How to make housework palatable

Isn't that a catchy title for a blog post just before the holiday season?

Been out of pocket (and the country) for a while, but now that I'm back there are Things to Do. Like catching up on the blog. Like housework.

How can a house with one cat get so dusty in three weeks? Not that it was pristine when I left, as I tend to let things slide when I've something else in the offing. But when I can look at the piano and write a tune in the dust there, it's time to get cracking.

Housework and I have never been great friends. One cleans and the house just gets dirty again.
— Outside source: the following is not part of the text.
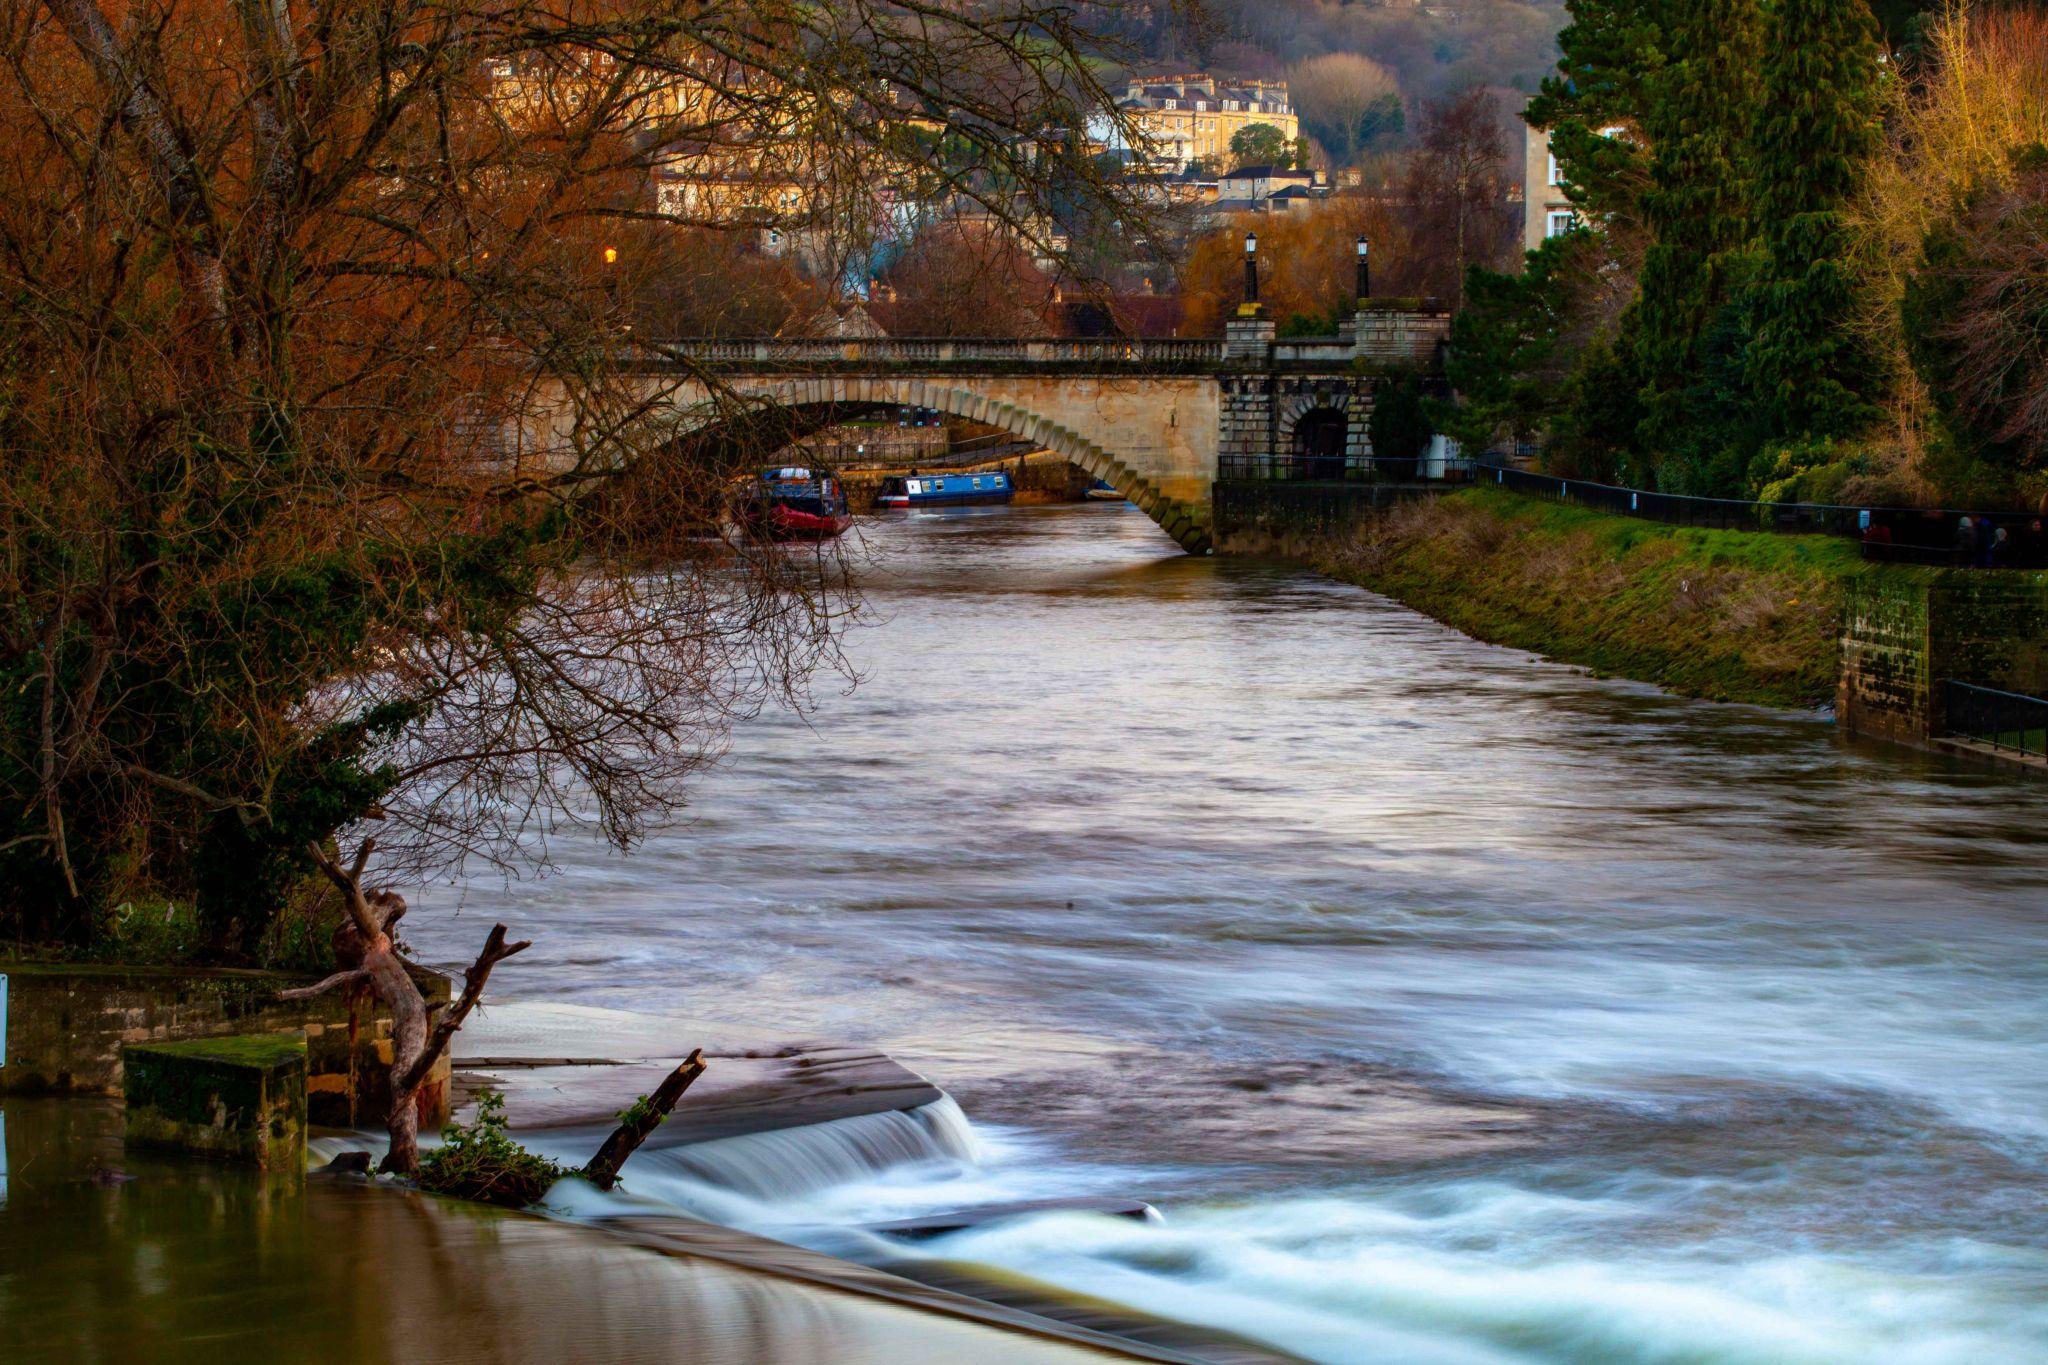 Cleveland Bridge, Avon River, Bath, England, United Kingdom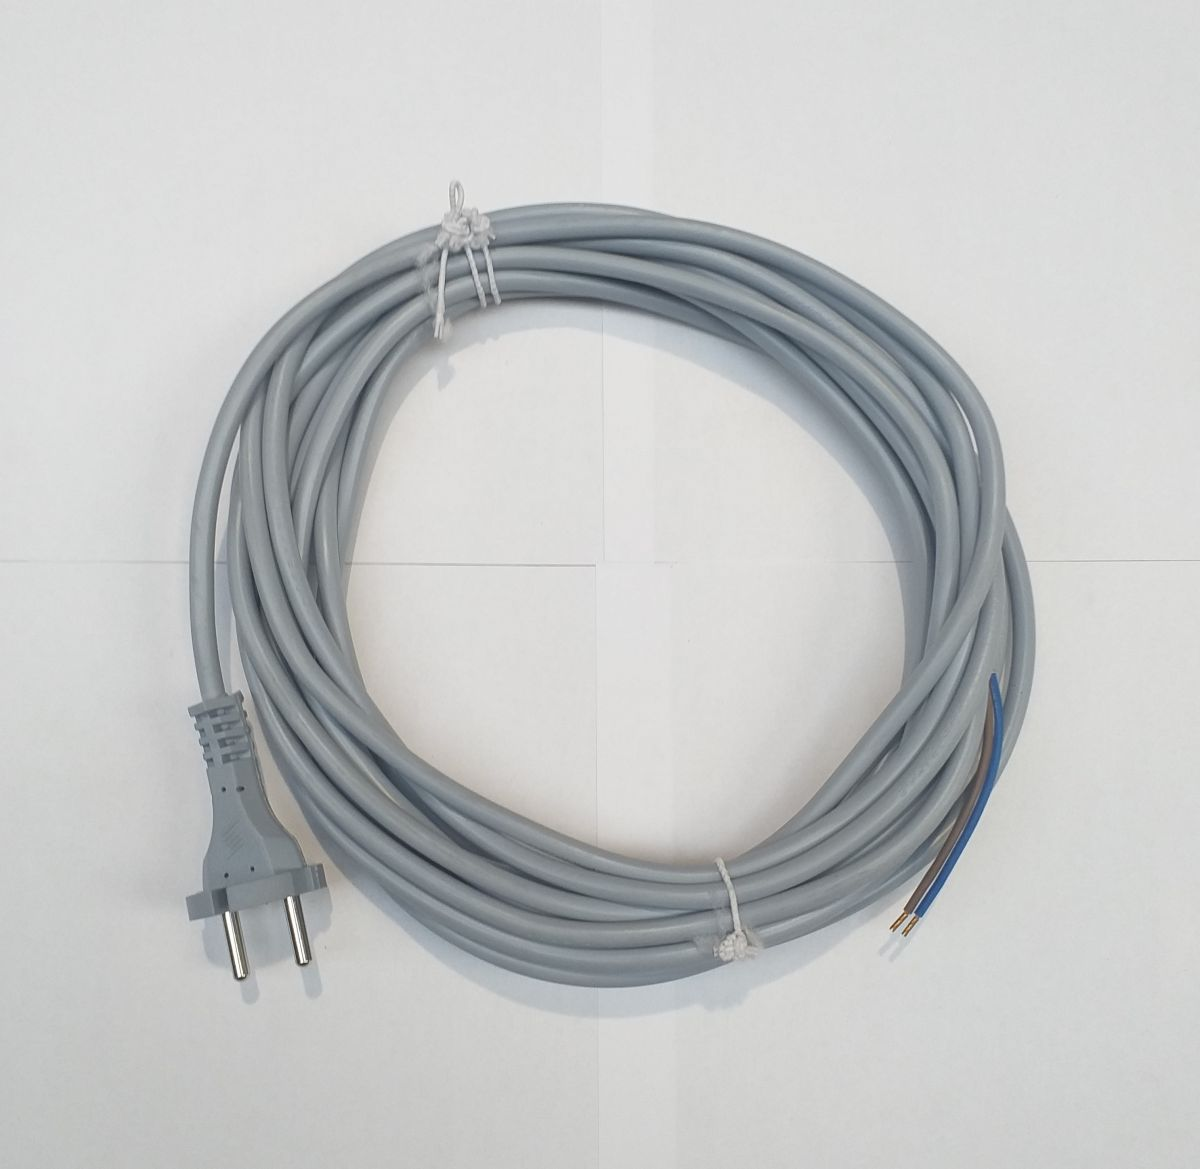 kabel 2 x 1,0 šedý 7,5m

There would appear to be no honor between the top of the table and me.

However, I've been listening to Lost in Shangri-La by Mitchell Zuckoff and since I wouldn't be in the car for a longer period of time than 5 minutes for a week, and since I'd left the characters (this is a true story) in the lurch with the last chapter listened to, I turned on the audio book and started dusting.

(I really don't like to dust. Really. I blame my mother who thought the dining table legs needed to be dusted every week. I mean, who was going to be on the floor looking? That said, I don't mind vacuuming, but it's noisy and I couldn't have listened and vacuumed at the same time.)

I dusted and listened and moved the iPad from room to room. I found things to dust just so I could finish a chapter. What madness was this?

And I'm not finished with the book yet, despite also applying this new method to the upstairs. I feel a bread baking binge coming on.